* _AVAILABLE DATA_:
++++

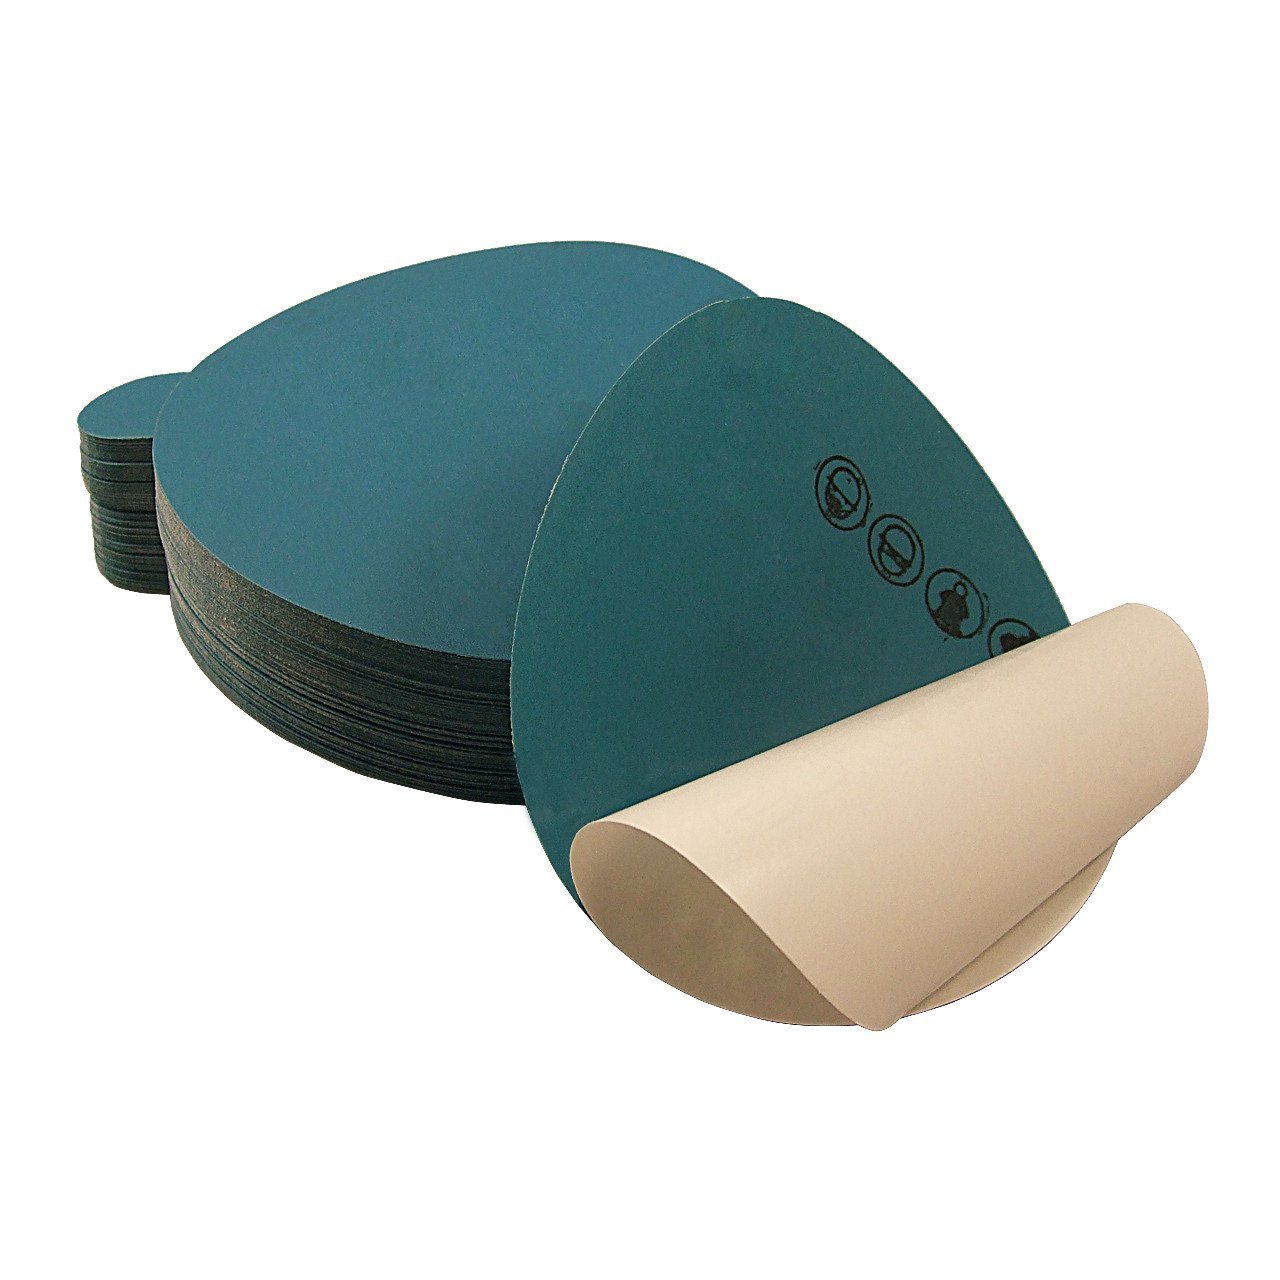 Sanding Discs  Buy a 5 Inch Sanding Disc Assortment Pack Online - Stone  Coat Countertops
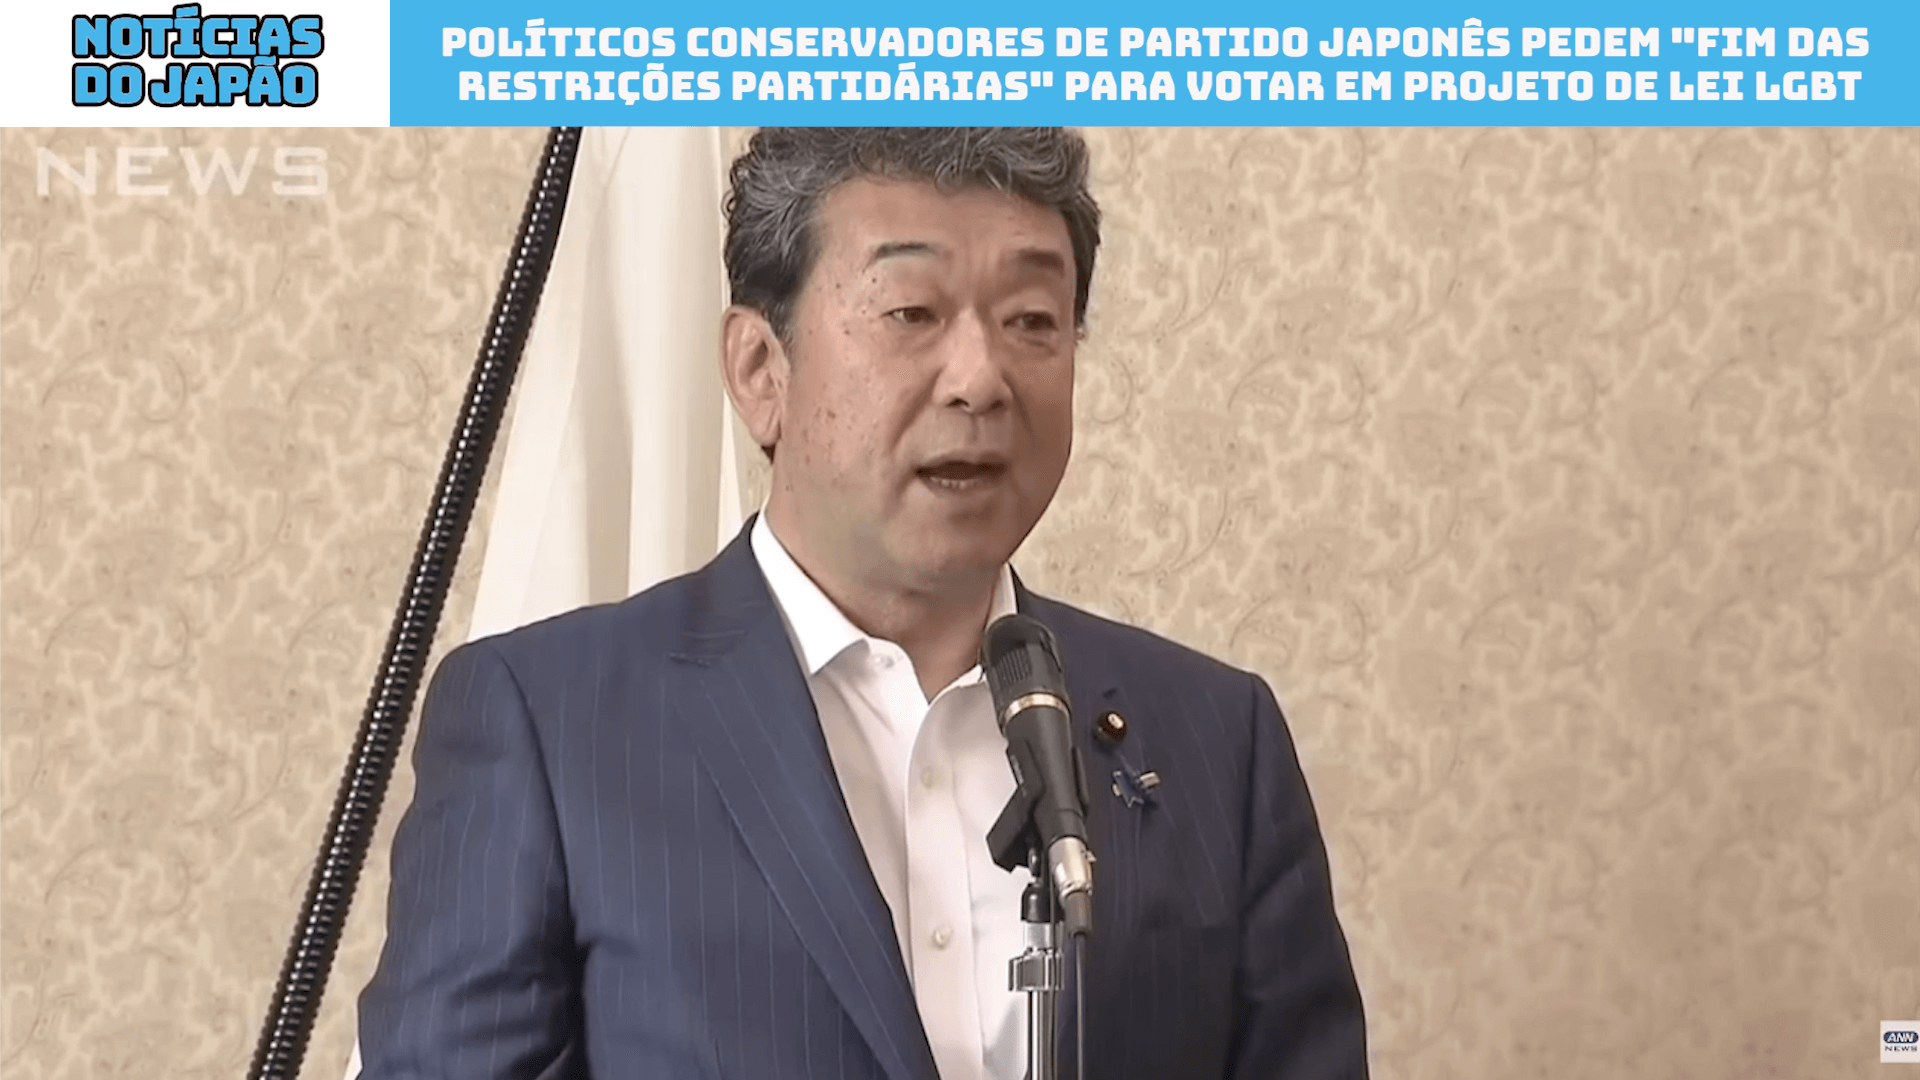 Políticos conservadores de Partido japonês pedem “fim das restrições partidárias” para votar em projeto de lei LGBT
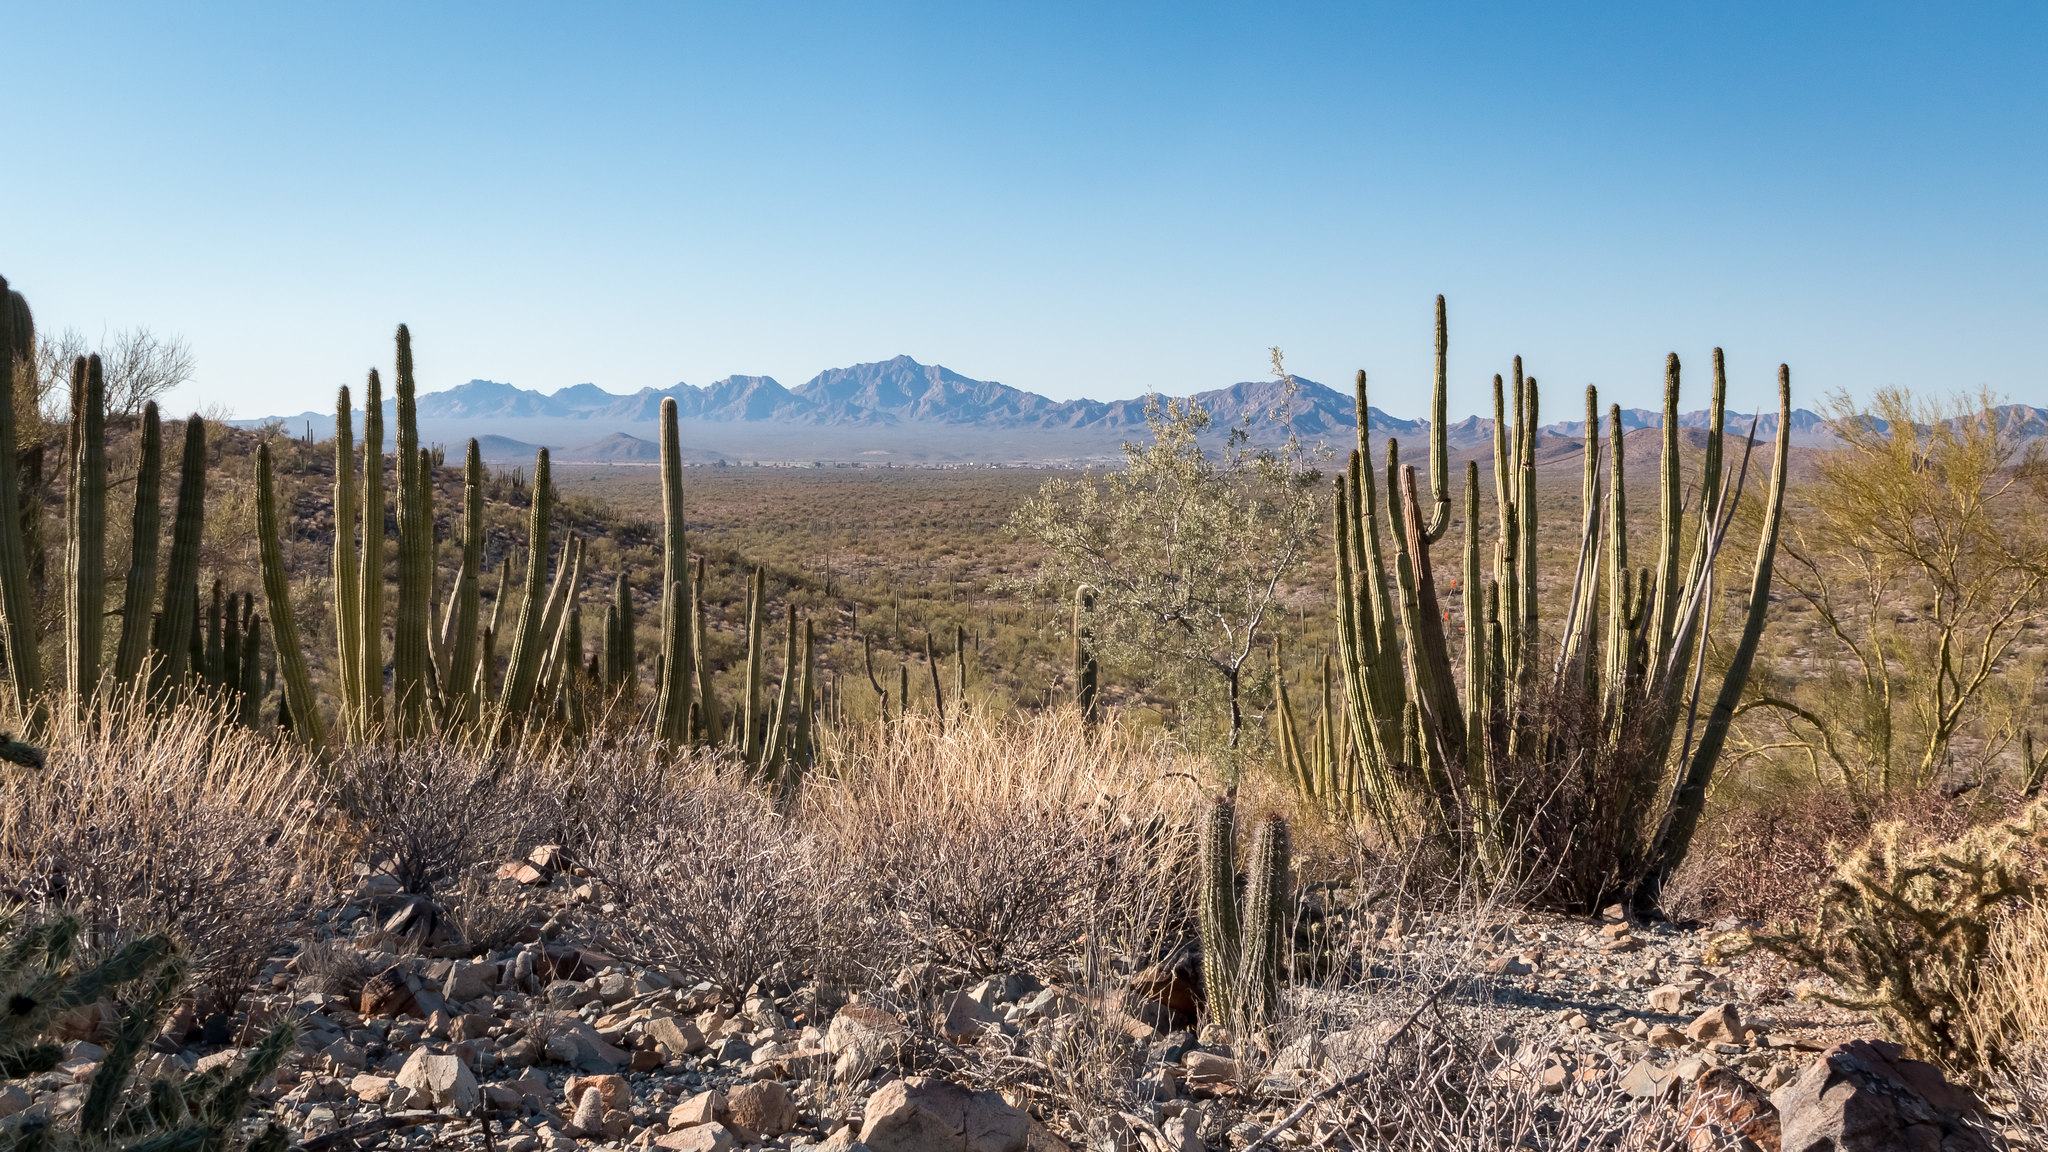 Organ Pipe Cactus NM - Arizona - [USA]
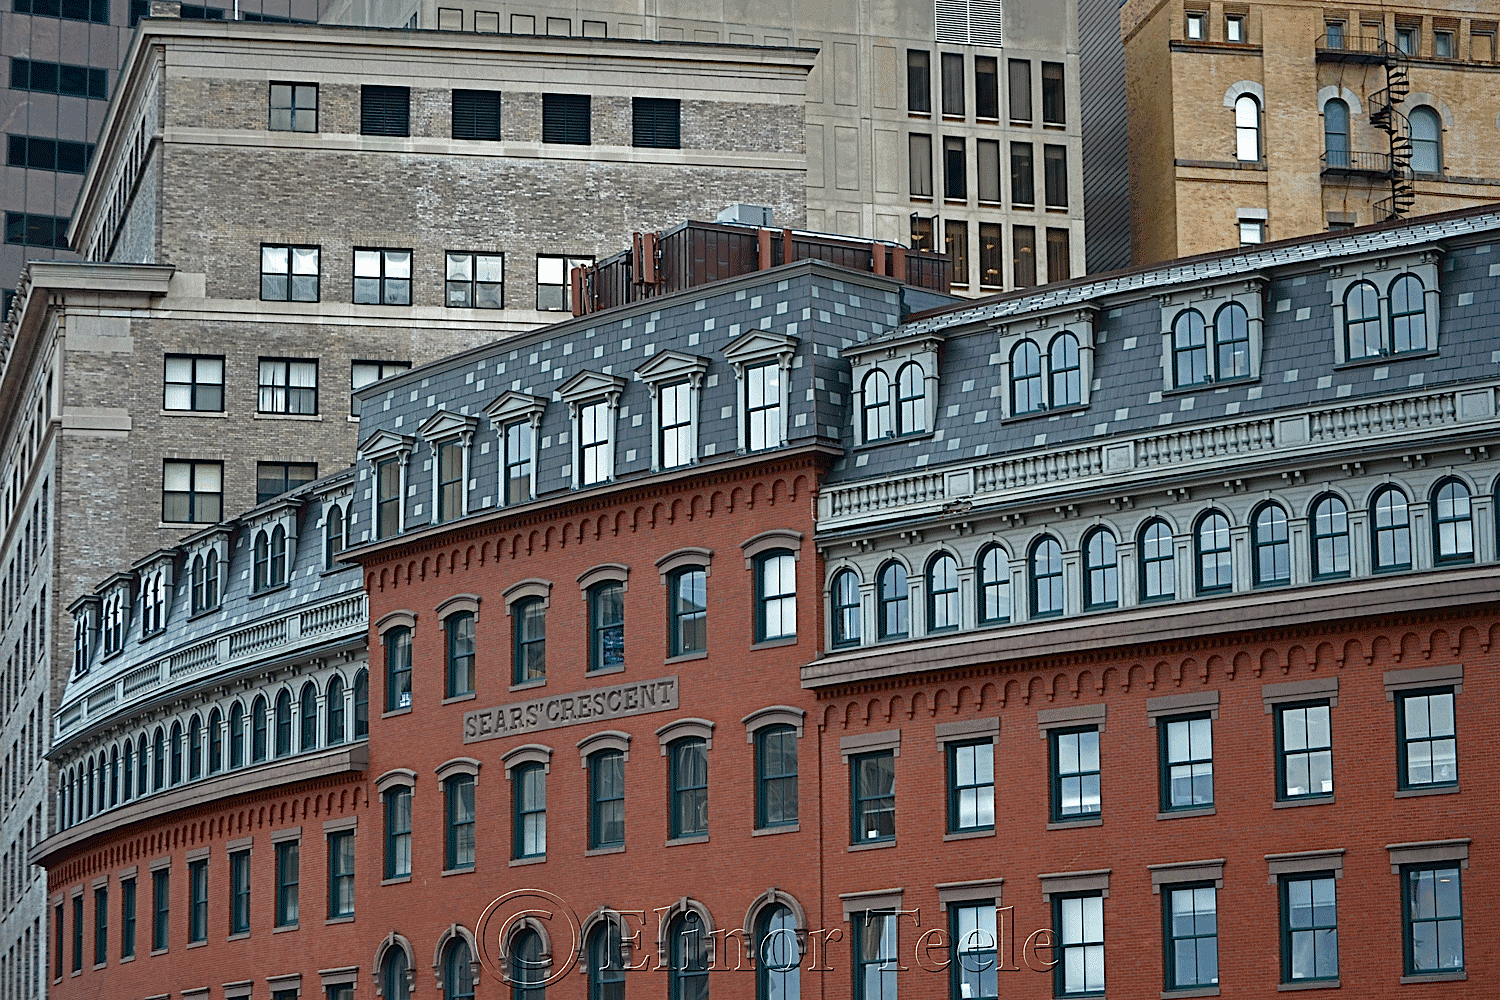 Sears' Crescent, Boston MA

++++

* _EXERCISE AIM_: Copy each line above precisely, dropping the pictures.

* _ANSWER TO THIS TASK_:
 Sanding Discs  Buy a 5 Inch Sanding Disc Assortment Pack Online - Stone  Coat Countertops
 Políticos conservadores de Partido japonês pedem “fim das restrições partidárias” para votar em projeto de lei LGBT
 Organ Pipe Cactus NM - Arizona - [USA]
 Sears' Crescent, Boston MA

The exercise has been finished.